SNOW-2057867 refactor BindUploadAgent to make it work for Python sprocs#2303

Merged
sfc-gh-zyao merged 10 commits intomainfrom
zyao-SNOW-2057867-refactor-stage-bind-to-make-it-work-for-sprocs
May 12, 2025
Merged

SNOW-2057867 refactor BindUploadAgent to make it work for Python sprocs#2303
sfc-gh-zyao merged 10 commits intomainfrom
zyao-SNOW-2057867-refactor-stage-bind-to-make-it-work-for-sprocs

Conversation

@sfc-gh-zyao
Copy link
Contributor

  • relax the condition of using stage solution for array bind (so we will use bind_size >= threshold instead of bind_size > threshold)
  • use _upload_stream to implement BindUploadAgent

Tests

  • the new test_direct_file_operation_utils.py to validate parse_file_operation for _upload and _upload_stream
  • existing test test_bindings.py to make sure the change does not break existing bind upload logic

Please answer these questions before submitting your pull requests. Thanks!

  1. What GitHub issue is this PR addressing? Make sure that there is an accompanying issue to your PR.

    Fixes #NNNN

  2. Fill out the following pre-review checklist:

    • I am adding a new automated test(s) to verify correctness of my new code
    • I am adding new logging messages
    • I am adding a new telemetry message
    • I am modifying authorization mechanisms
    • I am adding new credentials
    • I am modifying OCSP code
    • I am adding a new dependency
  3. Please describe how your code solves the related issue.

    Please write a short description of how your code change solves the related issue.

  4. (Optional) PR for stored-proc connector:

- relax the condition of using stage solution for array bind (so we will use bind_size >= threshold instead of bind_size > threshold)
- use _upload_stream to implement BindUploadAgent

### Tests
- the new test_direct_file_operation_utils.py to validate parse_file_operation for _upload and _upload_stream
- existing test test_bindings.py to make sure the change does not break existing bind upload logic
@sfc-gh-zyao
Copy link
Contributor Author

sfc-gh-zyao commented Apr 28, 2025

Update: the following content is obsolete now, because we simplified this PR and removed these premature optimization in latest commit.

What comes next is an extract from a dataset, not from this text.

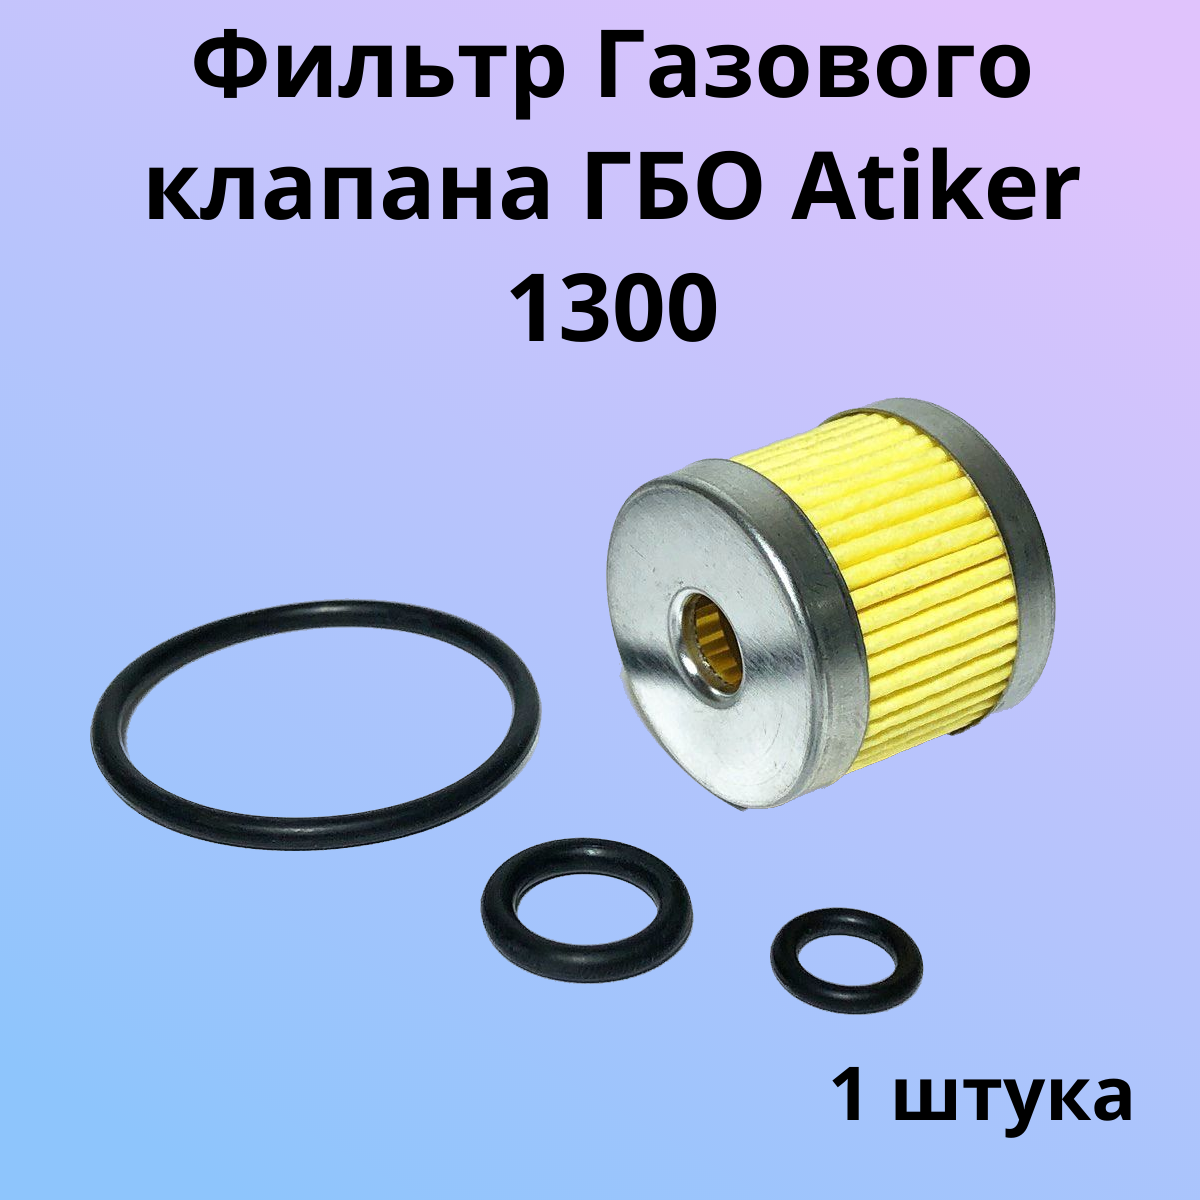 Фильтр газового клапана Atiker 1300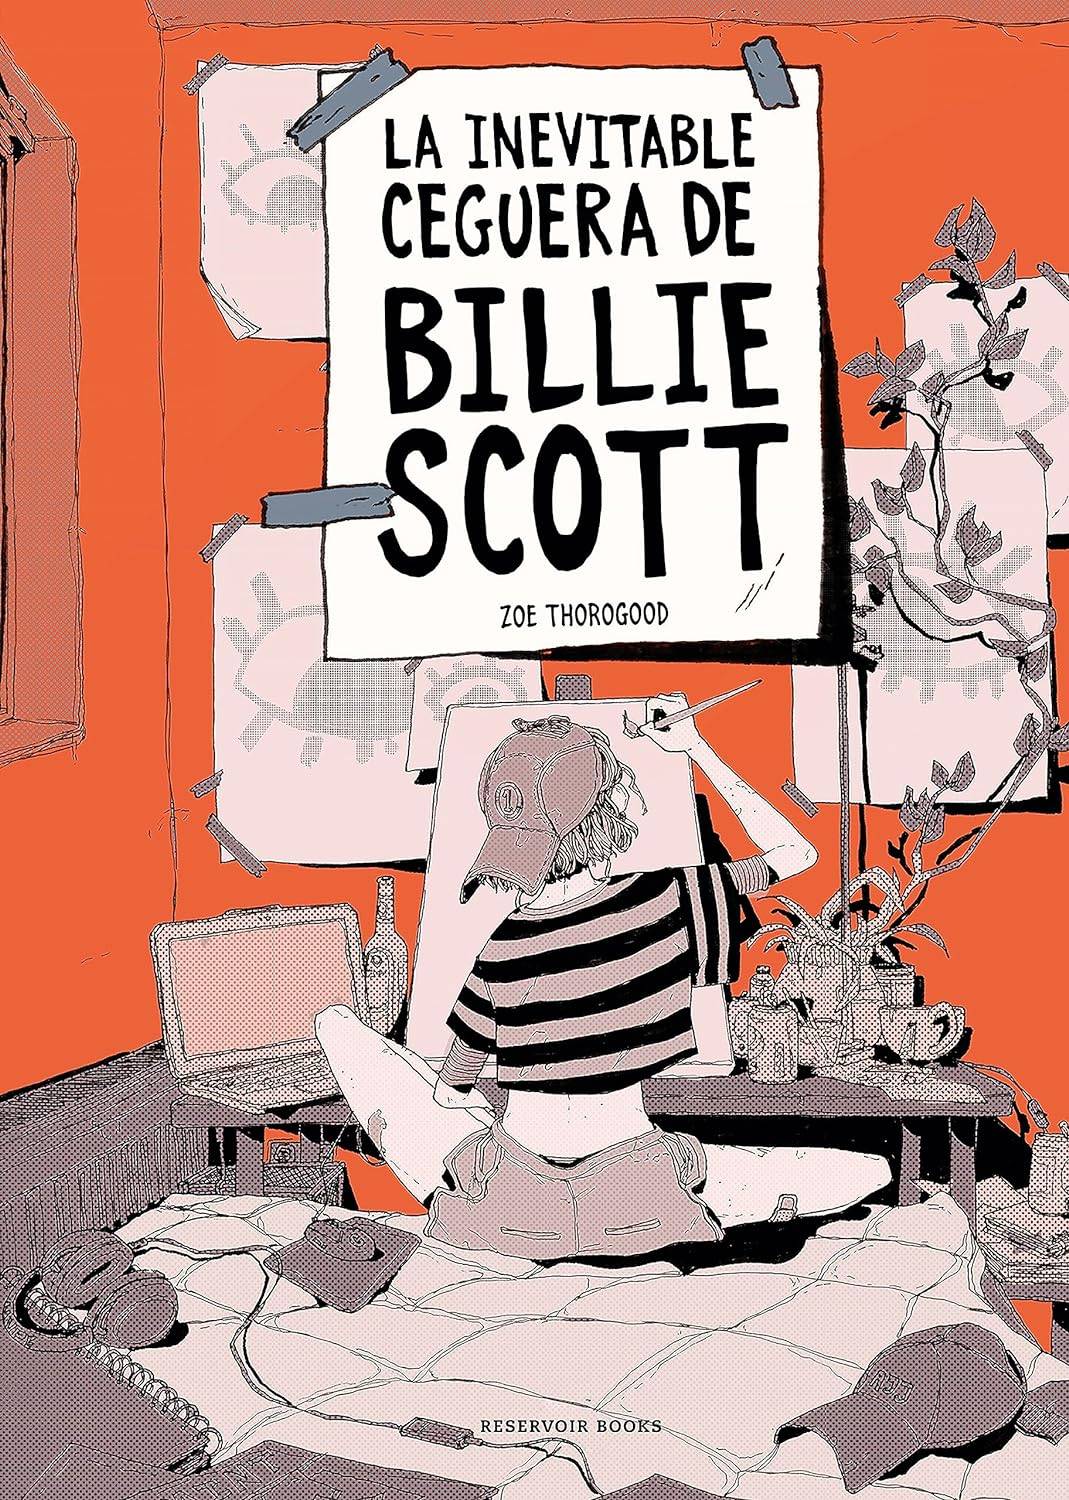 La inevitable ceguera de Billie Scott: una extraordinaria novela grafica de debut

(@sfc-gh-sfan 's comment, copied from the old PR #2300 (comment)):

This does not look like a pure refactor. We do an assertion, a file name split and some escaping. These do not exist in the original code. Why are they required?
  • for the assertion: it is a fool-proof mechanism, to make sure when users are doing stream upload, they don't pass in a non-empty local_file_name. But maybe it is unnecessary? Because when users call _upload_stream, there is no way for them to provide a standalone local_file_name anyways, by the definition of the interface.
  • for the file name splitting: it is an existing thing for sprocs and we want to keep the same behavior here. (I provided more context down below)
  • for the escaping: (assuming you mean the escaping for stuff inside 'file://...') it is to avoid the risk of SQL injection without changing what is allowed in local file path. From a high level (forget about stage name biding for now), we pass SQL like PUT 'file://<some_local_file_path>' @stage_foo (note the quotes surrounding the entire local file path, as a SQL injection prevention strategy). And we want to make sure the quotes in user-provided local file path still works as intended, by doing the escape (user could have local file name like, /dir'foo/test.txt, without escaping this becomes 'file:///dir'foo/test.txt', which is incorrect)

Context:
_upload_stream method's behavior is that user passes in input_stream, stage_location as input, where we derive the file name from stage_location (We need a file name because stream itself does not contain file name, and we need a name for each file in stage)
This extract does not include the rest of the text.